Looking at adding a big baler to the operation for next year. And since I'm cheap and handy with a wrench, I keep coming back to the 590-595 NH. What are the main wear points in these machines? I've worked on Hesstons and I assume the NH are gonna be a lot the same to look for.


----------



## Trillium Farm (Dec 18, 2014)

I don't have a big Baler, but the consensus seems to be in order of performance:

1) Krone (the most expensive & costly per year, but arguably the best)

2) Hesston (Just below the Krone in performance, cheaper and not as costly per year)

3) Claas (Very good baler but not as popular as others)

4) Kuhn (with their new hitch, no chattering on tight turns)

5) New Holland

6) John Deer

7) Lely-Welger (In general well thought of in Europe, don't know if available here)

Of the ones widely available in North America these are the top

I may have forgotten some and also some may rate higher because of circumstances rather than engineering, but you can start here


----------



## endrow (Dec 15, 2011)

Can't say which one is best but I can say wlooking in the field. These big square Baylor's our branded in several different way, and 95% of them are the Heston style for the New Holland Style. We have a mega dealer that sells Krone in this area. I have never even seen a Krone in operation which causes me to wonder are they popular in other areas


----------



## stack em up (Mar 7, 2013)

I'm sure Krone is a great baler but I know Hesston and NH hay equipment so that's why I'm looking at those options. And I'm cheap... $22k is kinda my limit for purchase and repairs so it really limits what I can buy.


----------



## Gearclash (Nov 25, 2010)

I never heard any really negative things about the 590/595. They are New Holland's second generation big square balers. As far as I know the 590/5 are a complete redesign of the D1/2000 that they replaced. That is a good thing in that the D2000 bordered on a dud, bad thing in that they probably had some teething pains.

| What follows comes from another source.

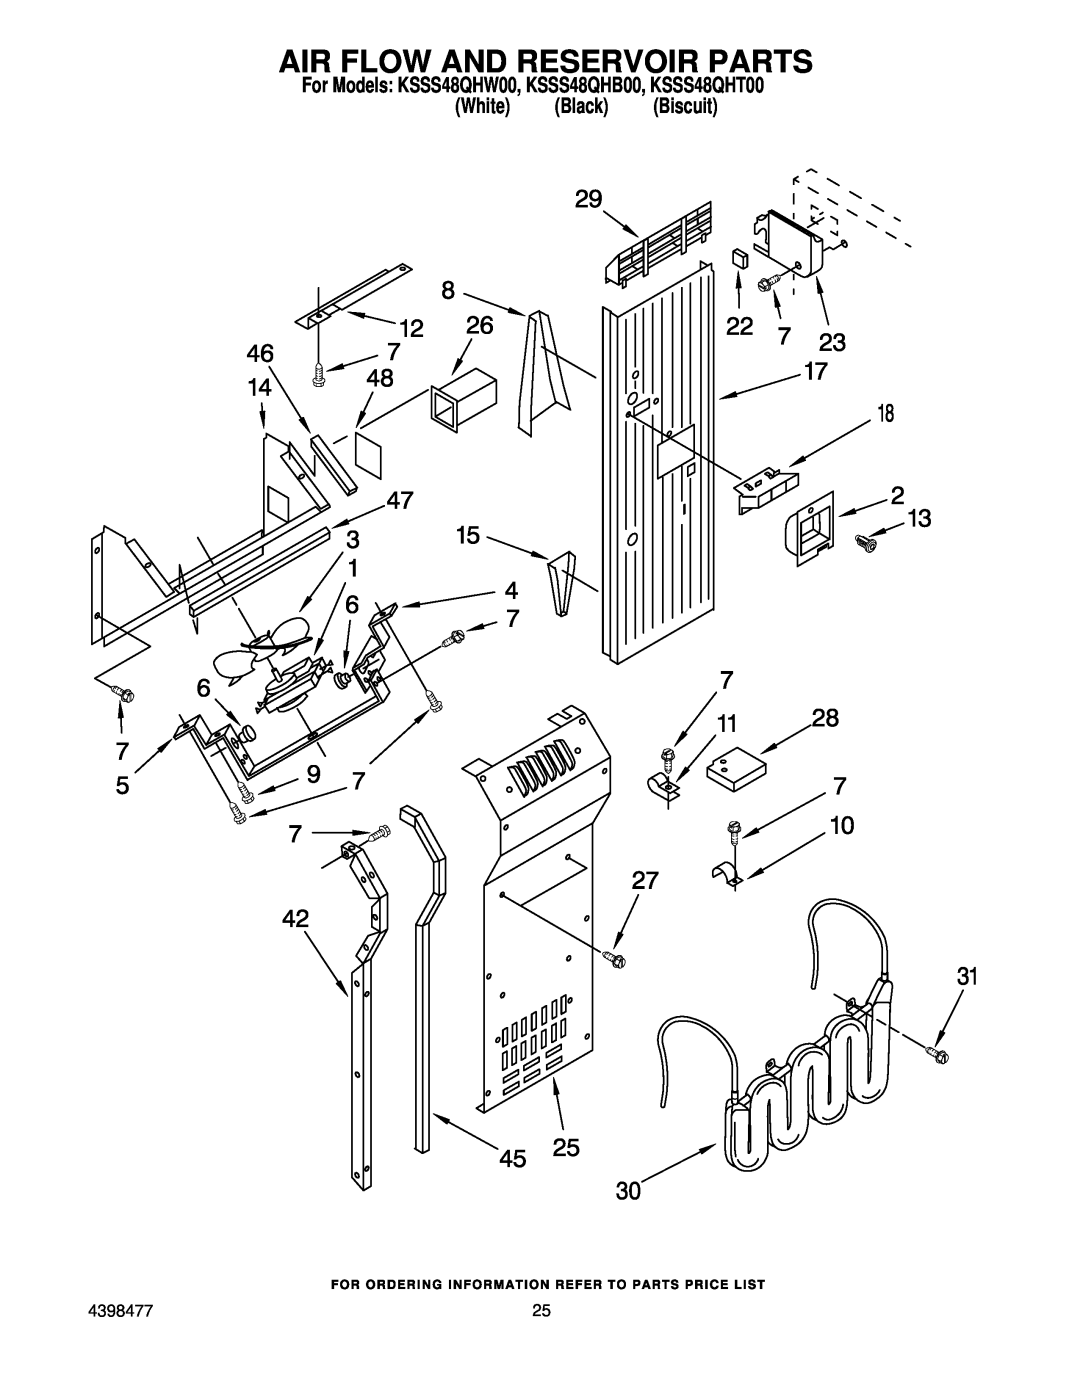 KitchenAid manual Air Flow And Reservoir Parts, For Models KSSS48QHW00, KSSS48QHB00, KSSS48QHT00 White Black Biscuit

With your Agco background, if I were in your shoes I would be thinking Hesston. Just my $.02.


----------



## mlappin (Jun 25, 2009)

Gearclash said:


> With your Agco background, if I were in your shoes I would be thinking Hesston. Just my $.02.


I've run NH hay equipment forever, however if I was to get a big square baler it would be a Hesston. Reviews seem to be more favorable of them and most importantly I've seen several used NH big balers on the Agco lot but no used Agco on the NH lot.


----------